Translation Initiation

• Small subunit binds to mRNA.
• tRNA with methionine (met) attaches at the start codon (AUG).
• Large subunit binds, forming the complete ribosome.
• Three slots on the ribosome:
  • A (acceptor) site: Receives new tRNA.
  • P (peptidyl) site: Holds tRNA with the growing polypeptide.
  • E (exit) site: tRNA exits.

tRNA and Codon Recognition

• tRNA has an anticodon that matches the mRNA codon.
• Each tRNA carries a specific amino acid.
• Example: If the codon is UUC, the anticodon is AAG, and the amino acid is phenylalanine (phe).

Translation Elongation

• tRNA comes into the A slot.
• The amino acids in the P slot jump over and join to the amino acid in the A slot.
• Ribosome shifts over one codon:
  • tRNA in the A slot shifts to the P slot.
  • tRNA in the P slot shifts to the E slot and exits.
  • A slot is now open for the next tRNA.
• Polypeptide grows longer one amino acid at a time.
• Codons are the code that actually codes for each amino acid.

Translation Termination

• Ribosome reaches a stop codon (UAA, UAG, UGA).
• A release factor protein binds to the stop codon.
• The complex disassembles.
• Polypeptide is released.
• The machinery can be used again.

Product of Translation

• The polypeptide, which will fold into a protein.

Polyribosomes

• Multiple ribosomes translating the same mRNA simultaneously.
• Increases protein production.

Bound Ribosomes

• Ribosomes that are attached to a membrane (e.g., endoplasmic reticulum).
• Bound ribosomes are actively elongating a polypeptide.
• Signal recognition particles (SRPs) move ribosomes to membranes via signal peptide the polypeptide.
  • All ribosomes start as free ribosomes.
  • Grab the polypeptide which drags where it should be for bonding:
    • E.g. The ER for transport and secretion.

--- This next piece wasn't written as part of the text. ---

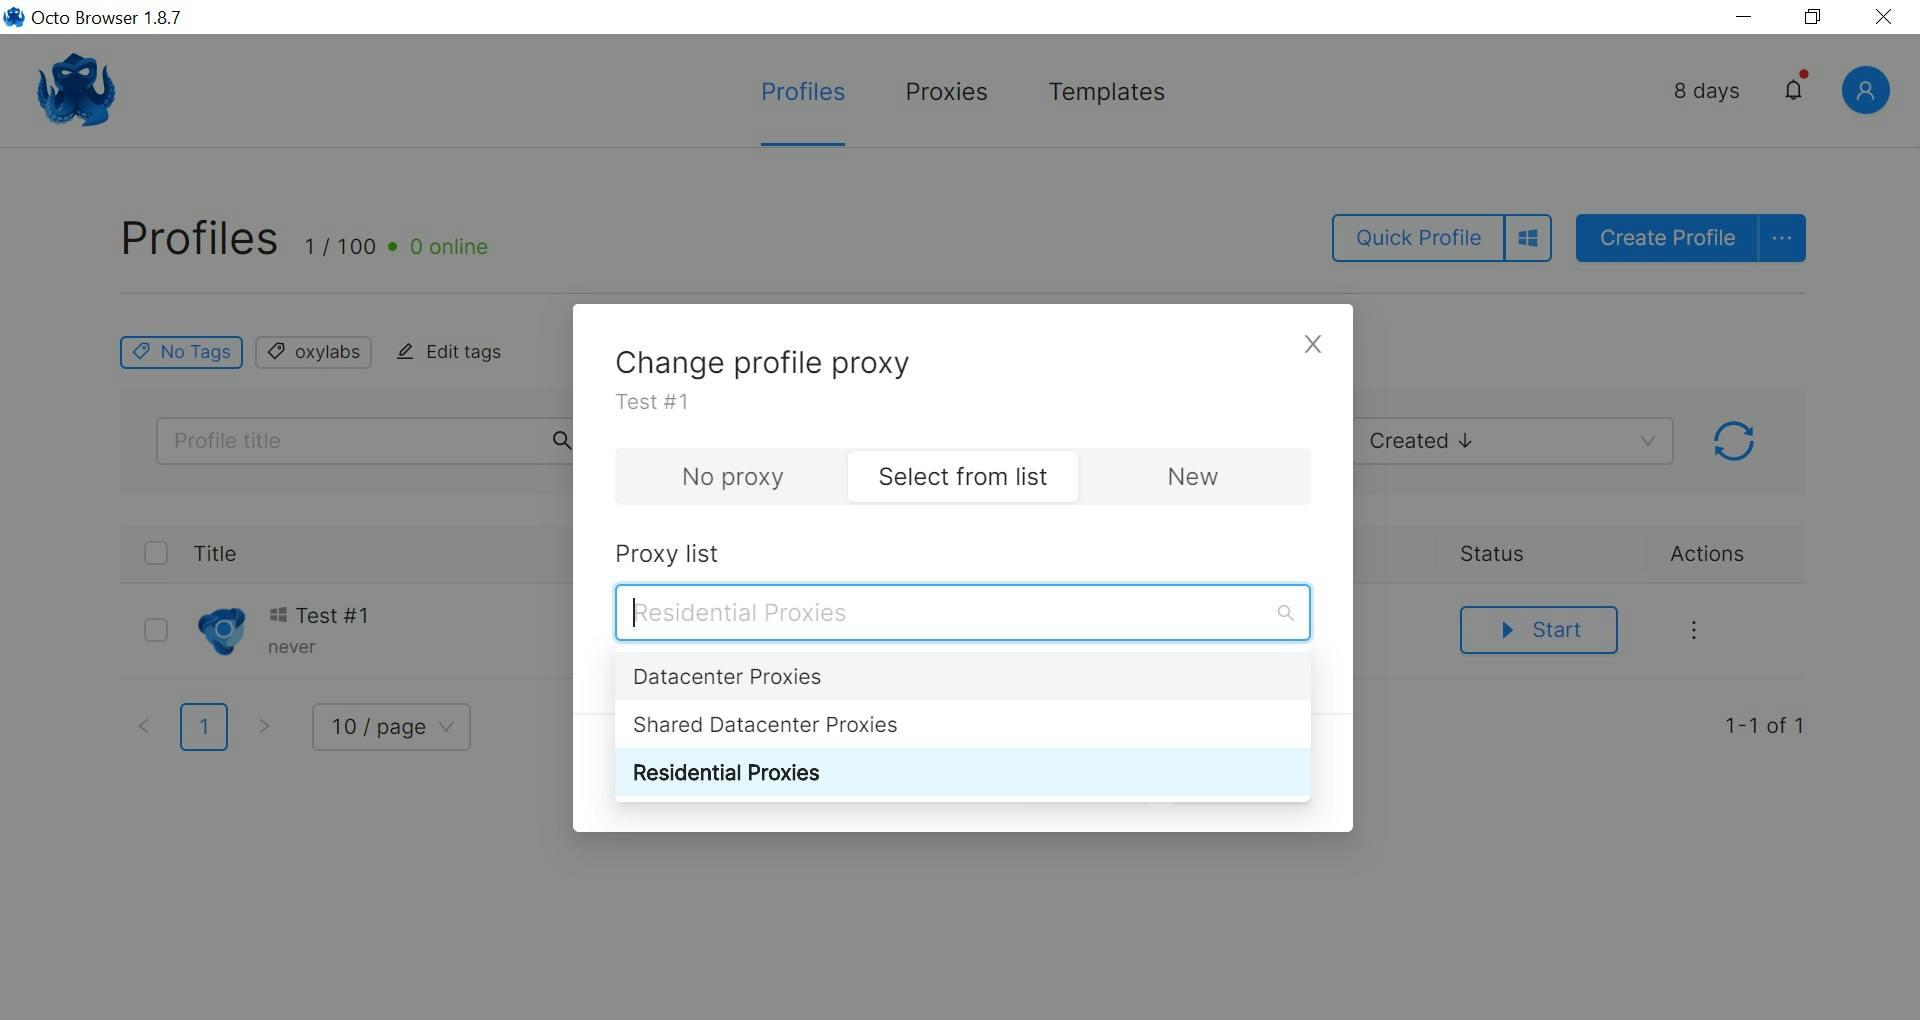 Pairing a profile with a proxy

Protein Synthesis in Prokaryotic Cells

• Transcription and translation occur simultaneously in the cytoplasm.
• Ribosomes bind to mRNA while it is still being transcribed.

Mutations and Alleles

• Mutations in genes can lead to new alleles.
• Mutations alter the genetic code.
• Every allele that is in us originated from a mutation in cells.

Point Mutations

• Change in one nucleotide pair.
• Two types:
  • Base pair substitution: One pair replaced by another.
  • Base pair insertion or deletion: Adding or removing a pair.

Missense Mutations

• A base pair substitution that causes a change in the amino acid sequence.
• An example is sickle cell anemia.

Silent Mutations

• A point mutation that has no impact on the amino acid sequence.
• May happen because multiple codons code for the same amino acid.

Nonsense Mutations

• A point mutation that changes a normal codon into a stop codon.
• Results in a truncated, non-functional protein.

Frameshift Mutations

• Caused by base pair insertion or deletion.
• Changes all codons downstream from the mutation.
• Leads to massive missense or nonsense.

Mutagens

• X-rays.
• UV radiation.
• Chemicals.
• Cause mutations by altering DNA.

Inheritance of Mutations

• Mutations must occur in sperm or egg cells (gametes) to be passed to future generations.
• Otherwise they are not passed to offspring.
• That is why during radiation in the waist areas are blocked to protect egg/sperm cells.